1. Shift all data samples down n rows per frame;
2. Shift the n+1, 2n+2,... nn+n rows one stage to the left (it should be noted that each of those rows contain N+ 1 CCD's as opposed to the others which contain only N CCD's);
3. Shift the contents of the leftmost stages of the n+1, 2n+2, ... nn+n rows down N elements;
4. Repeat steps 2 and 3, n-1 additional times/frame to empty the n+1, 2n+2 and nn+n rows; and
5. Go back to step 1 to start assembling the data samples for the next scan line.

In view of the foregoing, it_;will be seen that the present invention provides methods and means for achieving high resolution input scanning, including raster input scanning, through the use of a low resolution, two dimensional, photosensitive detector array, such as CCD area array. Furthermore, it will be understood that this invention may be used for scanning a variety of subjects, such as printed or handwritten documents, graphics, photographs, or even real scenes.

Claims

1. An input scanner comprising a two-dimensional array (23) of photosensitive detectors (25), imaging means (21 or 31, 32) for imaging scan line length segments of a subject (22) onto the array (23), and read out means coupled to the array (23) for reading data samples out of the detectors (25) wherein the detectors (25) in the array (23) have respective photosensitive zones which are laterally offset from one another in the line scanning direction, characterised in that the imaging means (21, or 31, 32) is arranged for sequentially imaging successive scan line length segments of the subject (22) onto the array at a predetermined framing rate as the subject moves in a cross-scan direction relative to the array, and in that all the detectors in the array are accessed to provide signal components collectively constituting an analysis scan line signal for each scan line.

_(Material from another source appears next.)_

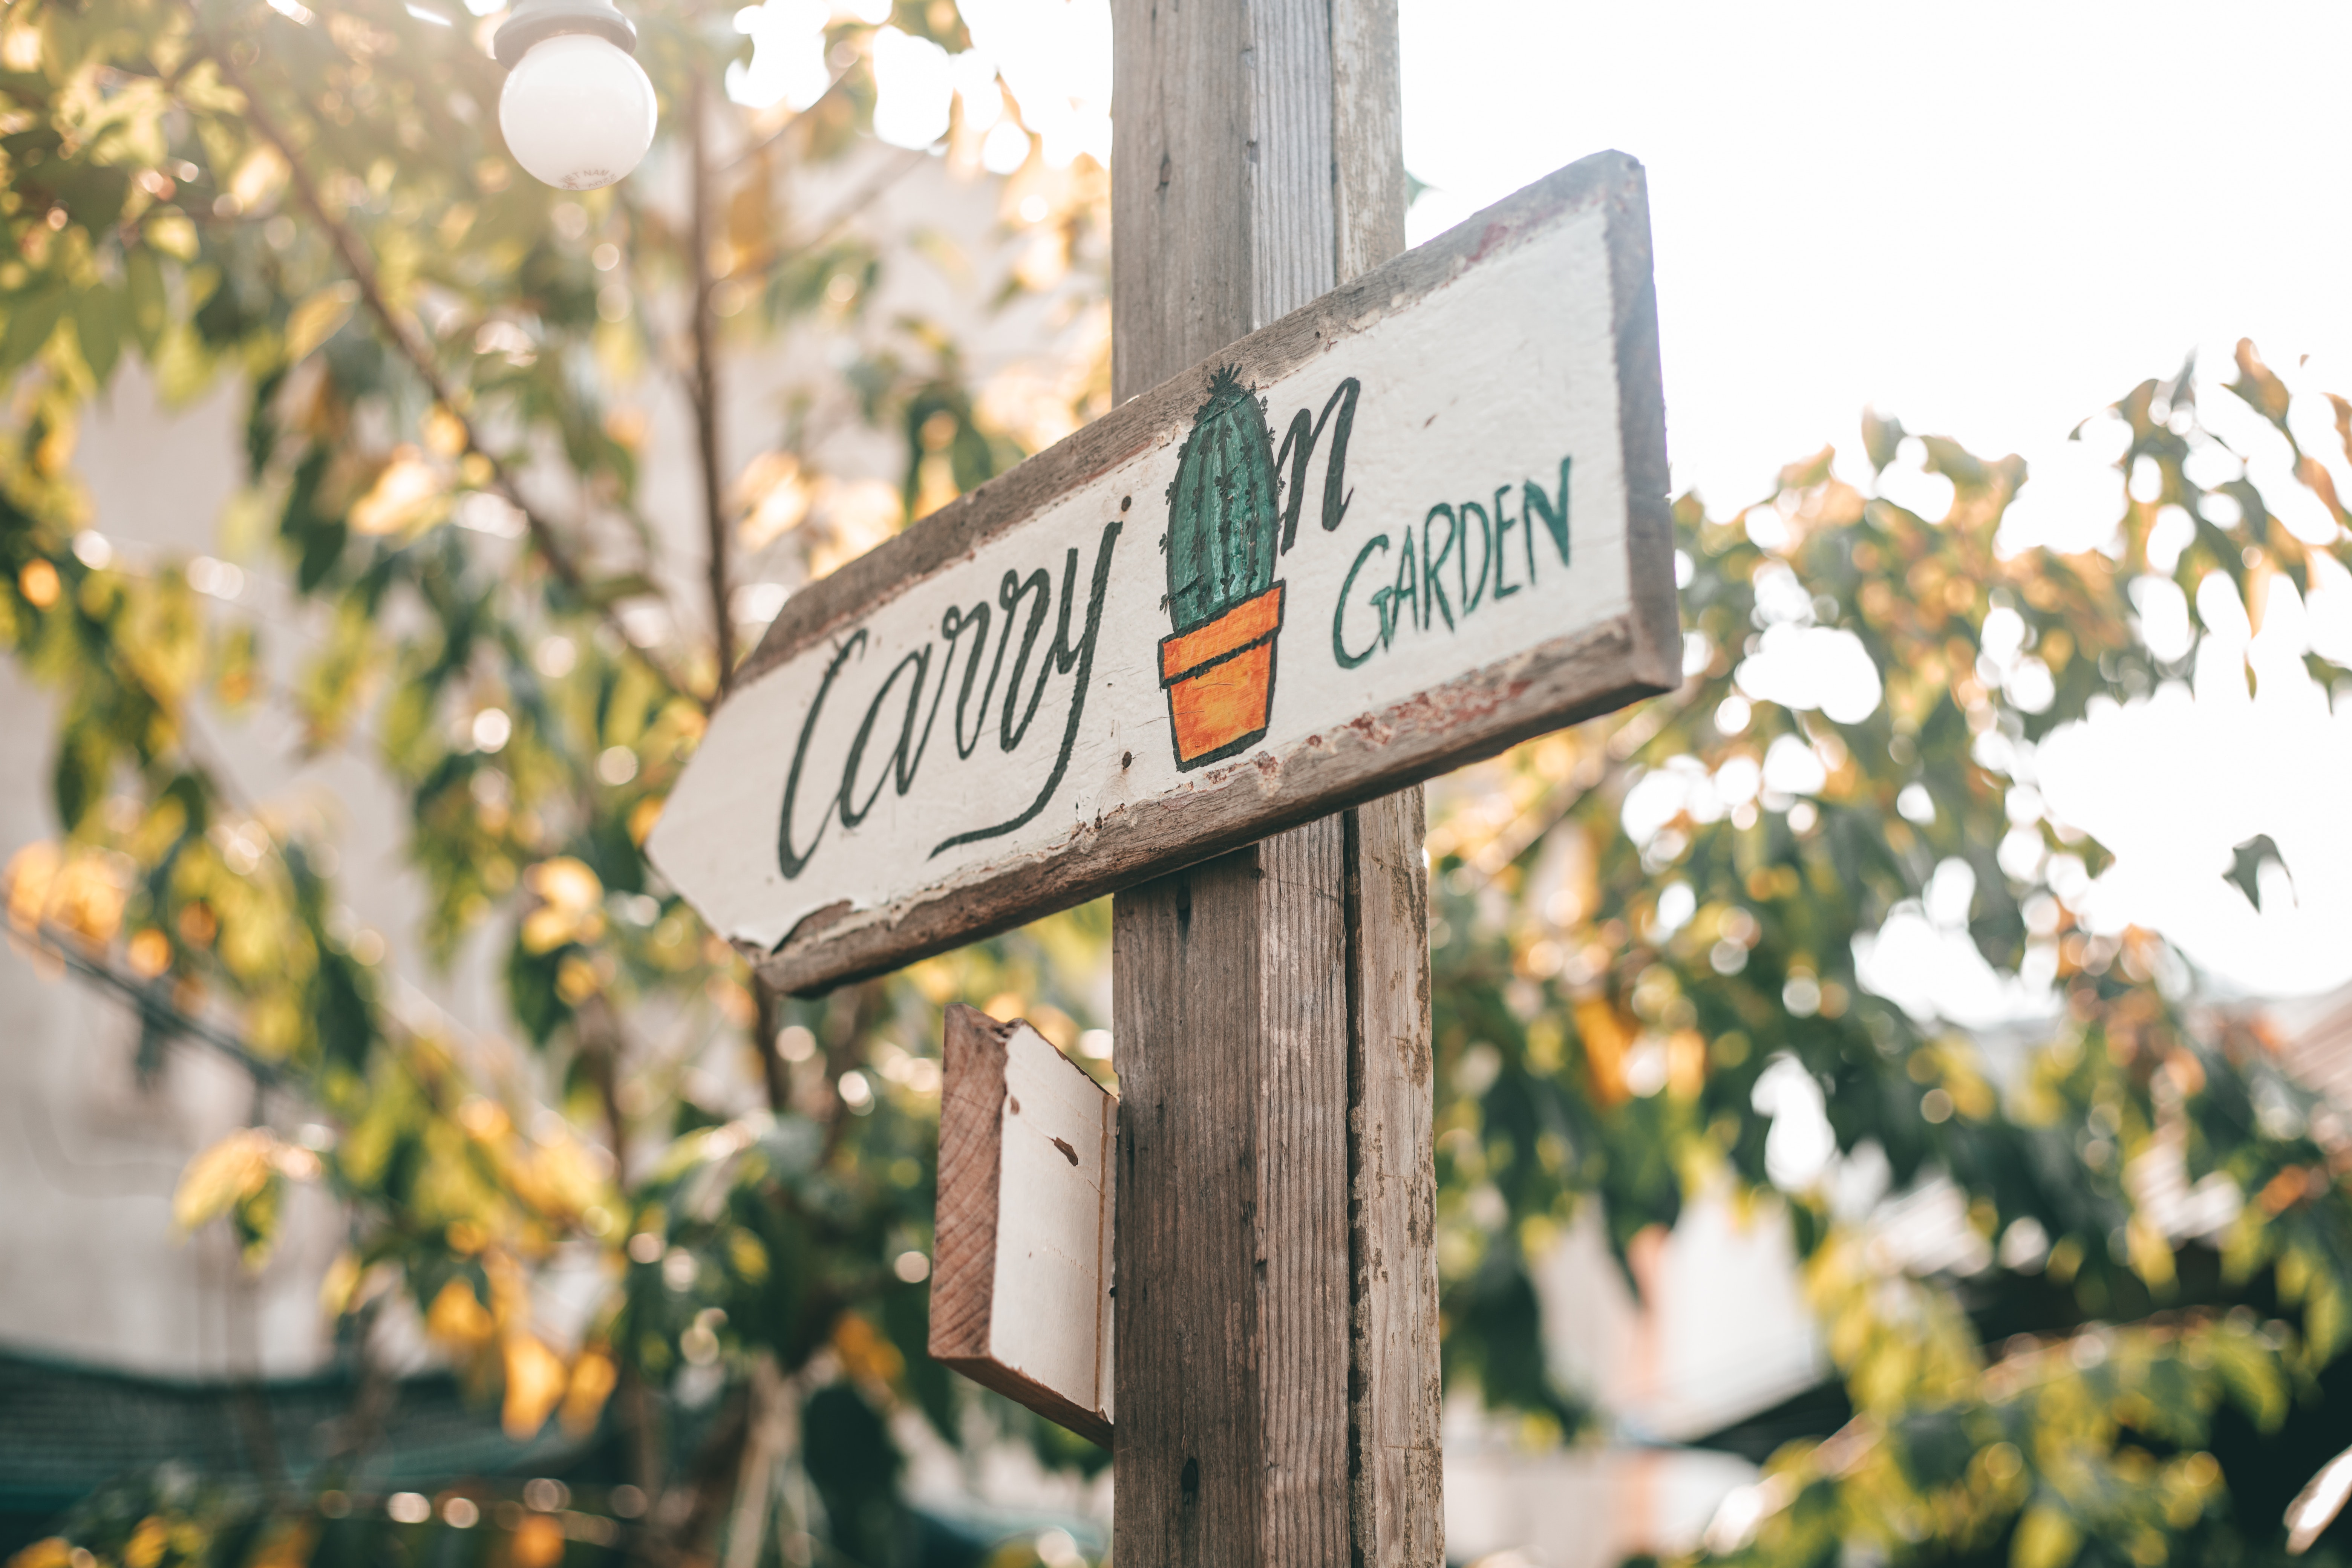 Carry on garden signage

2. The input scanner of claim 1 wherein each of said segments of said subject (22) comprises a predetermined number of scan lines, and said subject (22) advances in the cross scan direction relative to said array (23) at a rate of one scan line per frame.

3. The input scanner of claim 2, wherein said imaging means (21 or 31, 32) includes anamorphic optics having greater power in said cross scan direction than in said line scanning direction, said optics having an anamorphic ratio selected to cause each of said scan lines to have a cross scan height greater than the width of any of said pixels in the line scanning direction, and the photosensitive zones of said detectors (25) being elongated in the cross scan direction to provide said detectors (25) with increased sensitivity per unit width of said photosensitive zones as measured in said scanning direction.

4. The input scanner of aný one of claims 1 to 3, wherein a staggered aperture mask (24 or 24') is interposed between said subject (22) and said array (23) for laterally offsetting the photosensitive zones of said detectors (25).

5. The input scanner of Claim 4 wherein the photosensitive zone of each detector (25) is generally centered on the detector (25).

6. The input scanner of Claim 4 or Claim 5 wherein said staggered aperture mask (24) is deposited on and supported by said array (23).

7. The input scanner of Claim 4 or Claim 5 wherein said staggered aperture mask (24') is a free standing component, and said imaging means further including relay optics (32) for Imaging said mask (24') onto said array.

8. The input scanner of Claim 6 or Claim 7 including buffered destaggering means (41-44 or 51) coupled to said detectors (25) for assembling the data samples read out of said detectors in a serial video data stream having a raster scan format.

9. The input scanner of Claim 8 wherein said detectors (25) and said buffered destaggering means (51) are respective pluralities of charge coupled devices integrated on a single chip of semi-conductor material.

10. The input scanner of any one of Claims 1 to 9 wherein said detectors (25) are photosensitive devices integrated on a single chip (23) of semi-conductor material.